As term ends at the 150-pupil school, he will pack up his two guitars, photographs, certificates, and two decades of paperwork.

“I can’t say the idea of leaving appealed to me very much,” he said. “Even when I handed in my resignation, the letter did not want to leave my hand.

It has taken a while to get used to the idea. I’m not looking forward to my last day. It’ll be very poignant.”

The timing of the departure is particularly difficult as this will be his first Christmas without his wife, who died last January.

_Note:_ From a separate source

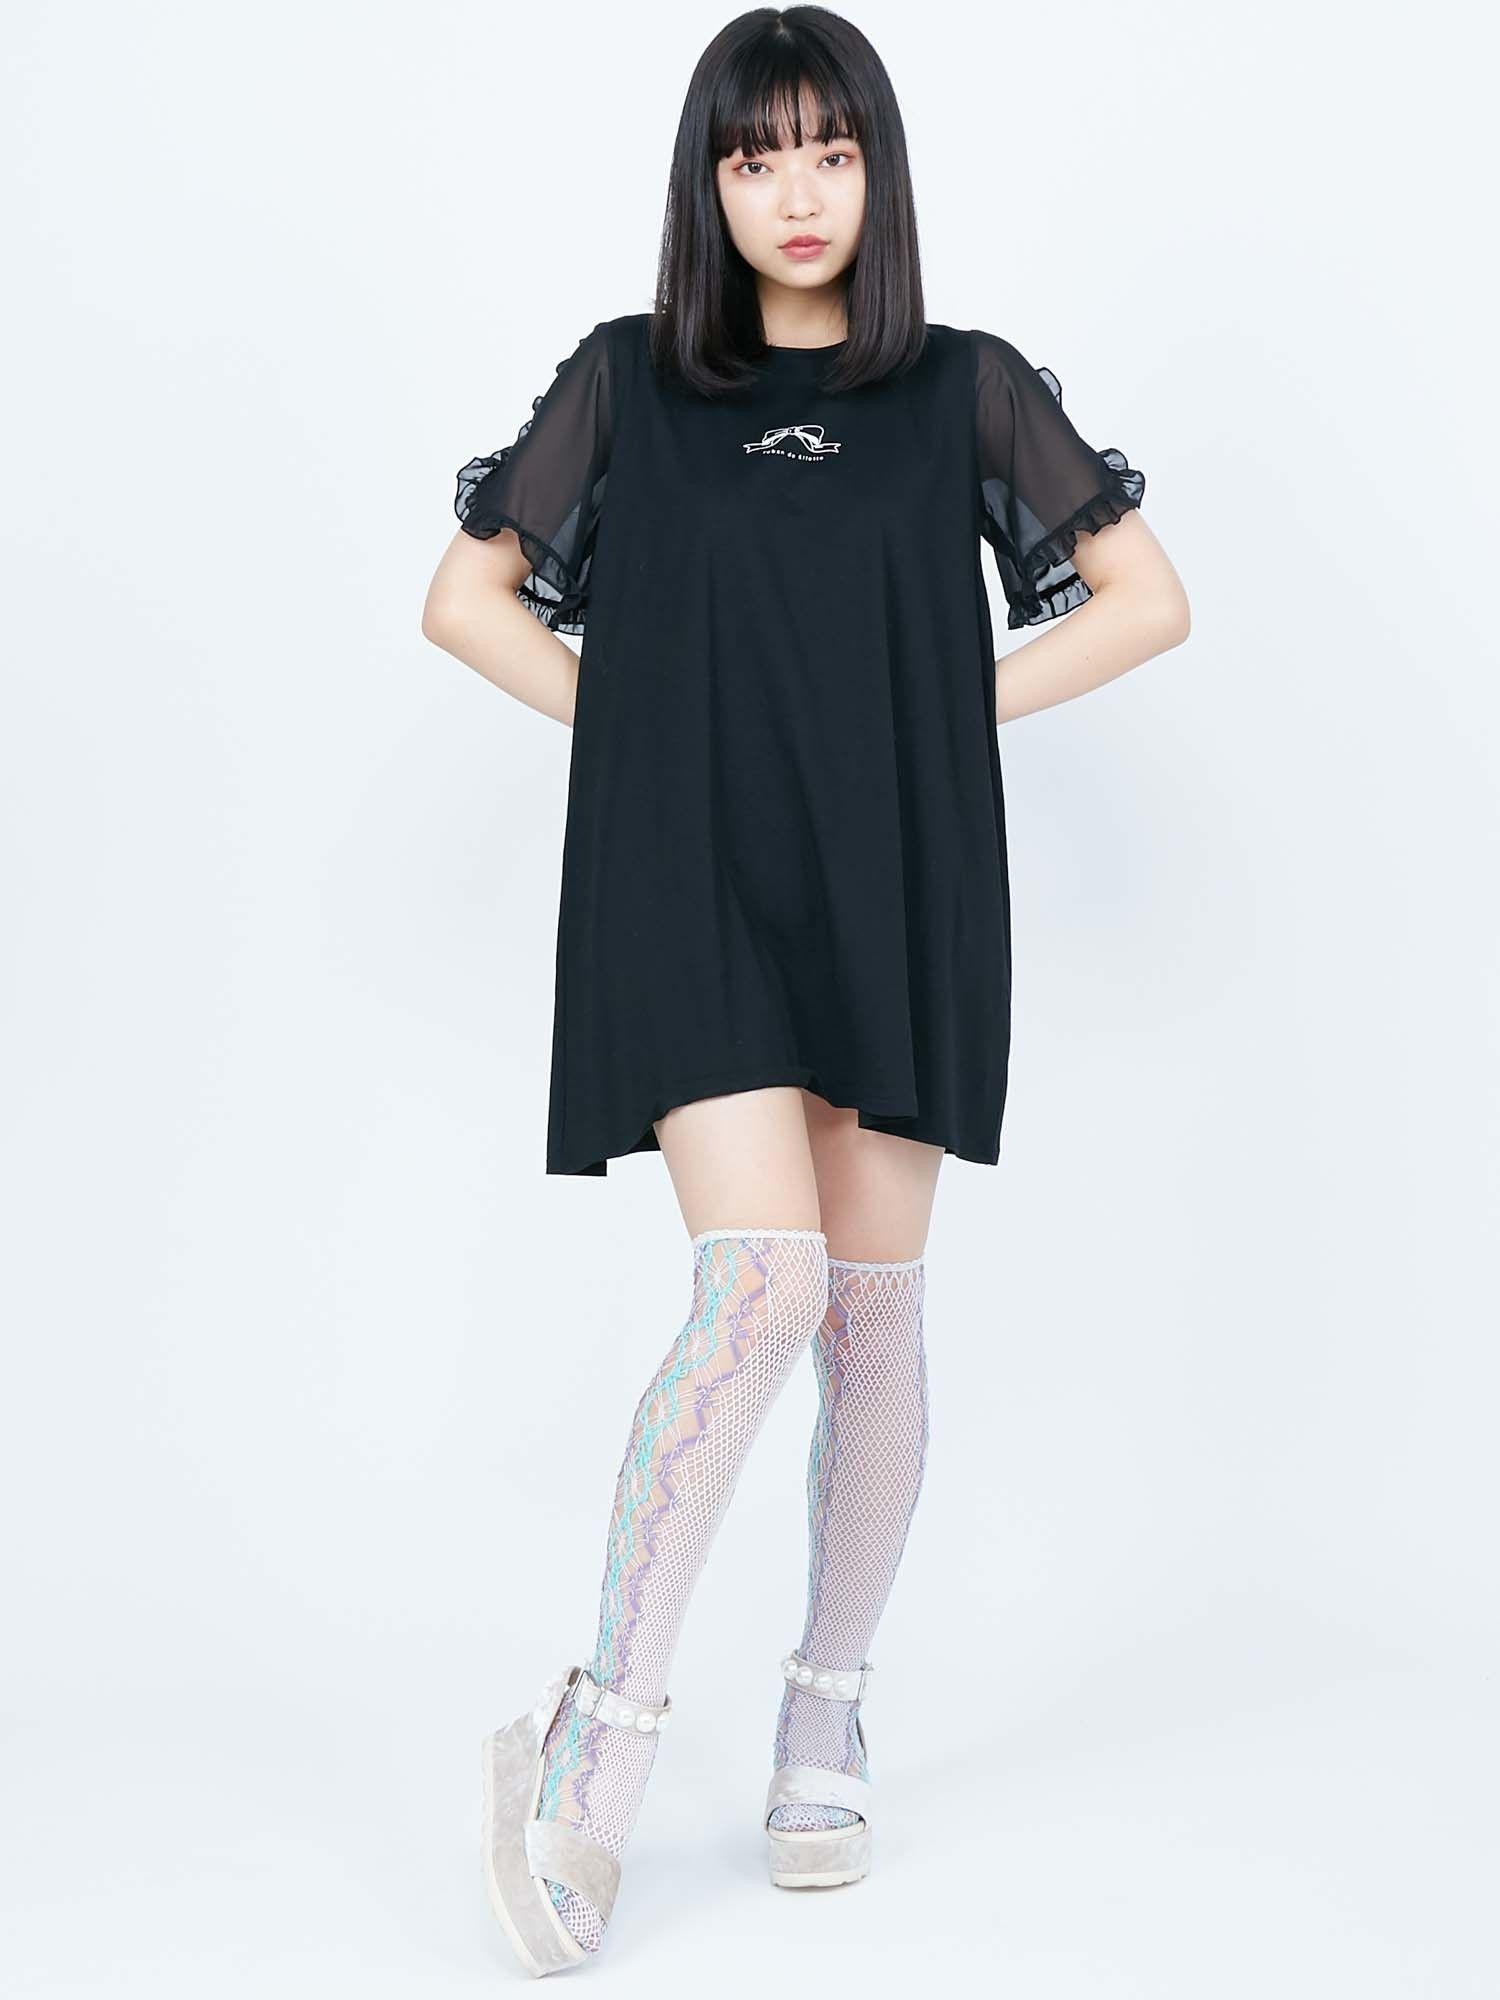 Chiffon sleeve tee dress

Queniborough was predicted to be pound;44,000 over budget by April next year, because of falling rolls. Within five years, it faced a potential Pounds 129,000 deficit.

Mr Davis blamed low funding. In Leicestershire, this is calculated using a formula that multiplies the number of teachers by the average primary salary. But staff retention rates at Queniborough have been high, so in recent years all its teachers have been on the upper pay spine.

There are 360 new houses being built just outside the school’s catchment area. But while 25 per cent of Queniborough’s pupils come from there, the local authority would not allow the school to budget for an increase. Mr Davis still believes this will guarantee the future.

“The school will be fine,” he said. “And I might do something completely different. I’m hoping something will appear and just feel right.”

His plans include encouraging schools to form links overseas. And he will continue his work for the primary heads’ association.

A spokeswoman for Leicestershire council said: “We have worked with Queniborough over a number of years to identify strategies to ensure that the school has appropriate and realistic plans for their budget. Additional funding has been made available.”